The watchdog announced the potential delay after the European Commission, the bloc's executive arm, wrote to request that it consider giving firms extra leeway.
The regulator said the delay is "due to the impact of the COVID-19 pandemic on the implementation of regulatory projects and IT deliveries by [central securities depositories] and came as a request from the European Commission." The depositories, known as CSDs, are financial organizations that hold shares so that traders can easily buy and sell them.
ESMA has already delayed implementing the new settlement rules, citing concerns about how long it would take to update IT systems to facilitate the new reporting regime.
John Berrigan, a director general at the European Commission, wrote to ESMA asking the watchdog to consider delaying the rules in light of the COVID-19 outbreak.
The letter said the commission had "received many urgent representations asking for a further postponement."
"Stakeholders argue that the COVID-19 pandemic has seriously impacted the overall implementation of regulatory projects and IT deliveries by CSDs and their participants.
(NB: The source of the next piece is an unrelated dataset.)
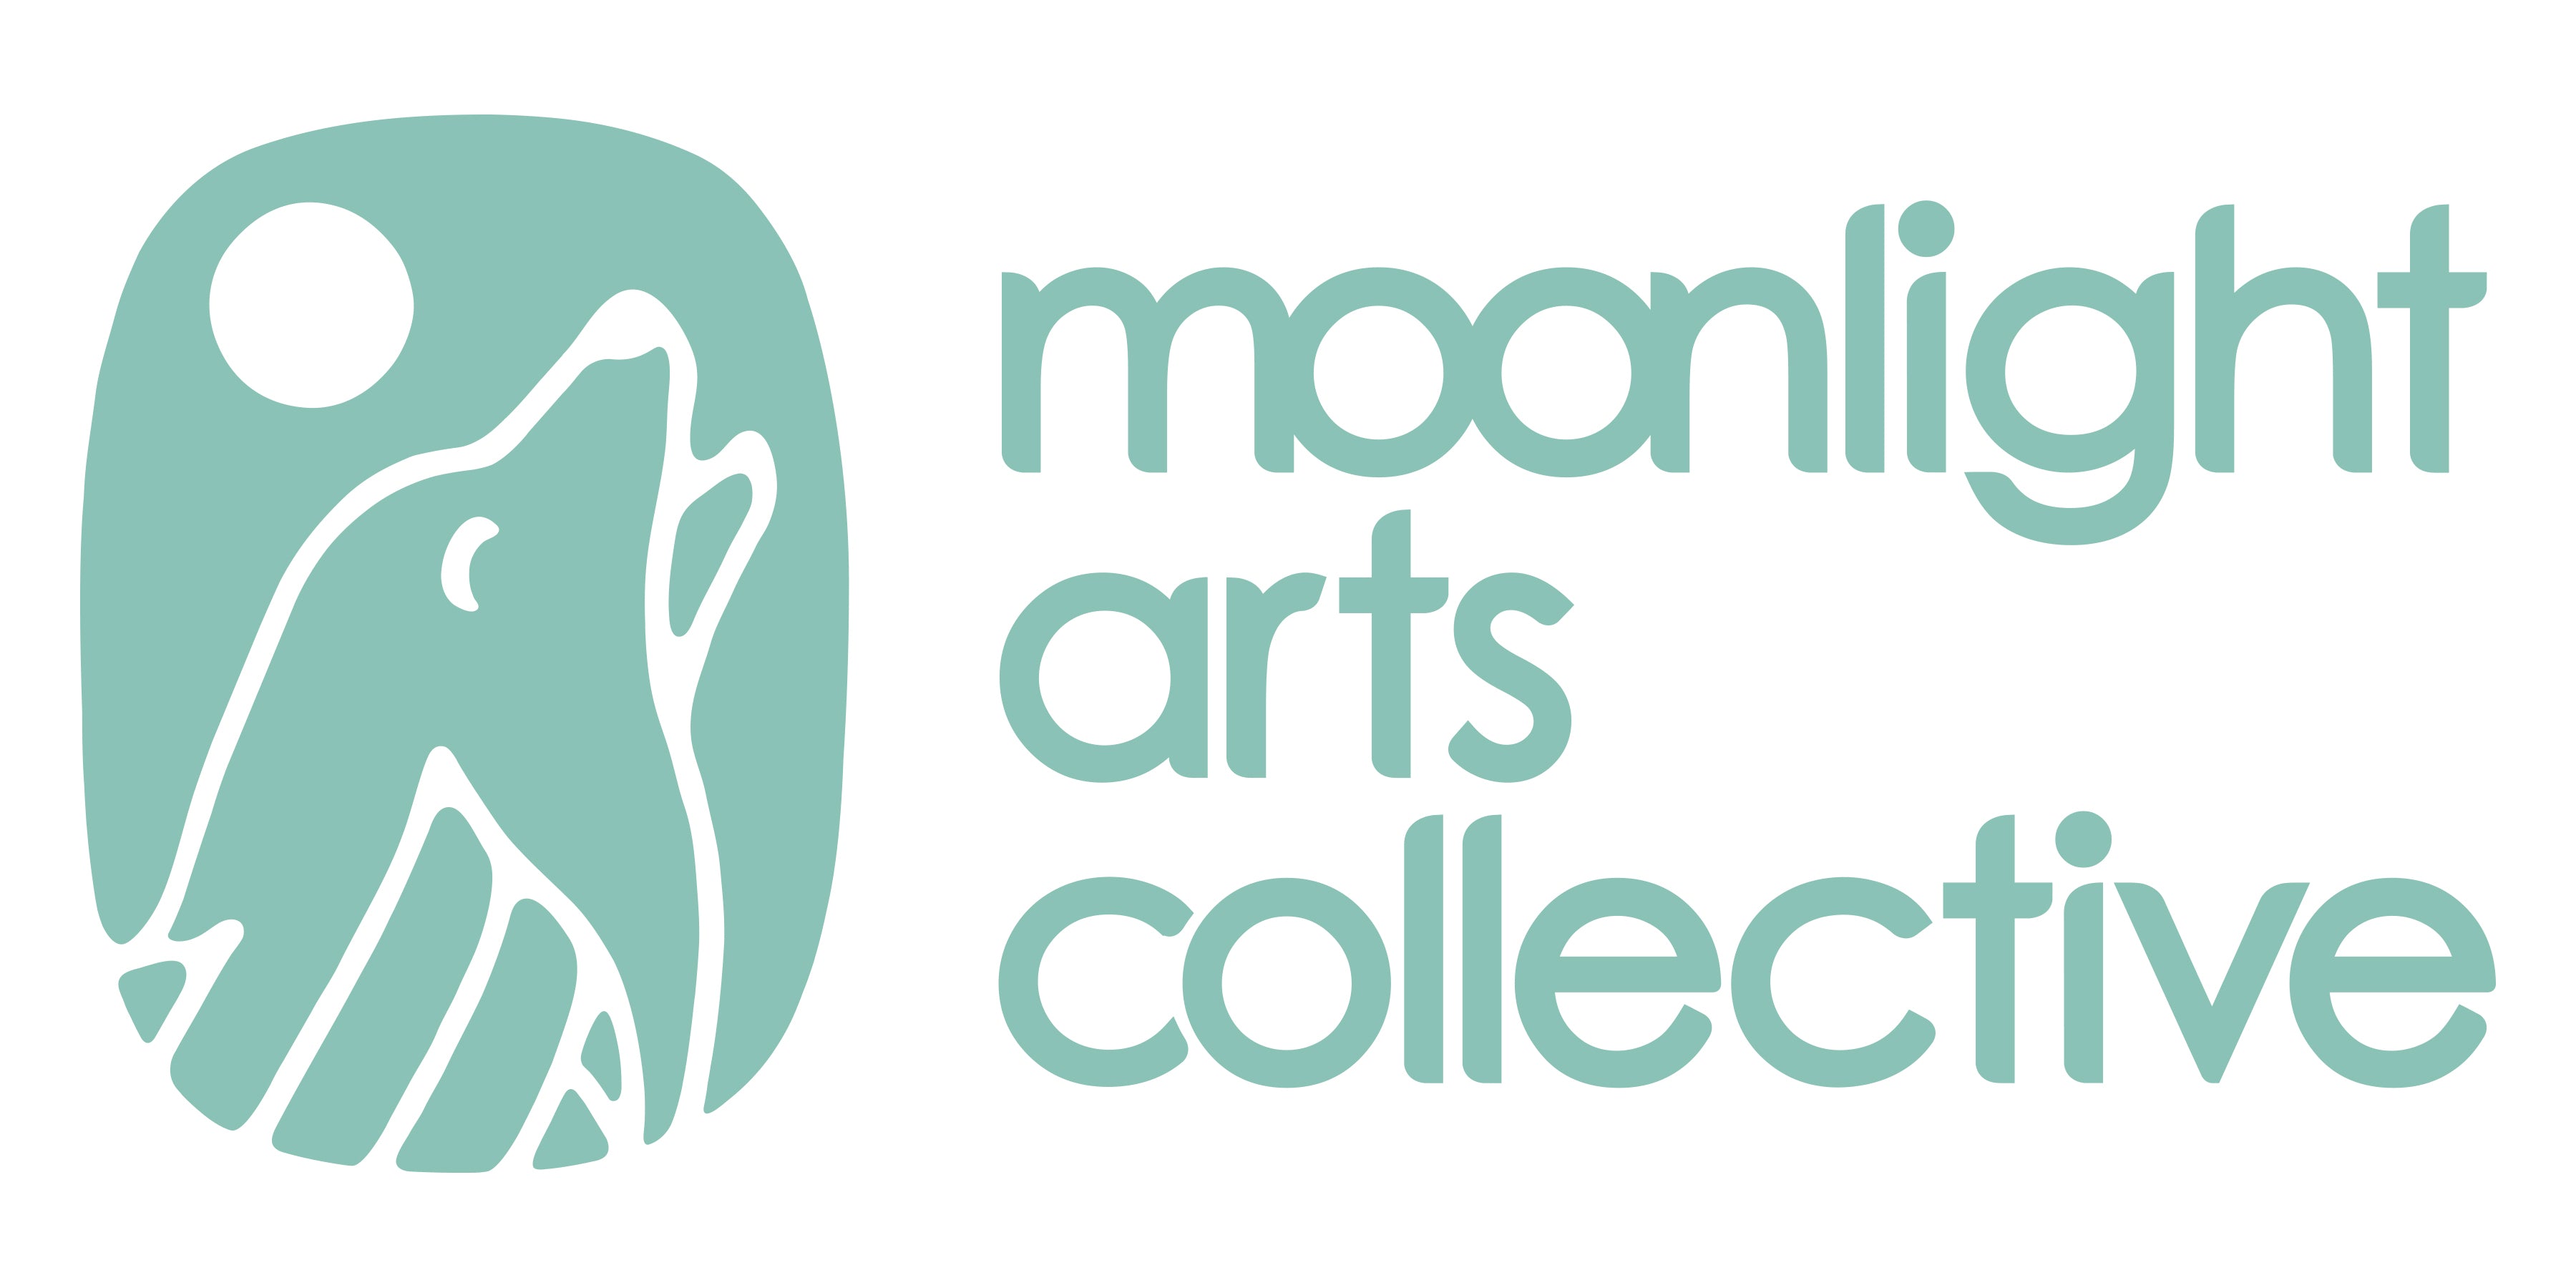 heart evangelista unveils loves first bloom – Moonlight Arts Collective

During this unprecedented time, these financial institutions have had to focus their efforts on the implementation of effective contingency plans," the letter continued.
The delay must be approved by the European Council and the European Parliament, the watchdog said.
The commission's letter to the watchdog also said it has received complaints about the regulation's mandatory buy-in provisions — rules that require companies to guarantee certain trades to protect investors if they fail to clear.
"Other stakeholders have also noted that market developments during this crisis would have been significantly worse in terms of available market liquidity… if the mandatory buy-in regime was in place," the letter said.
The settlement rules were proposed in late 2016 as part of a set of technical updates to settlement discipline under the Central Securities Depositories Regulation.
The CSDR, which entered into force in September 2014, regulates the timing and conduct of securities settlement.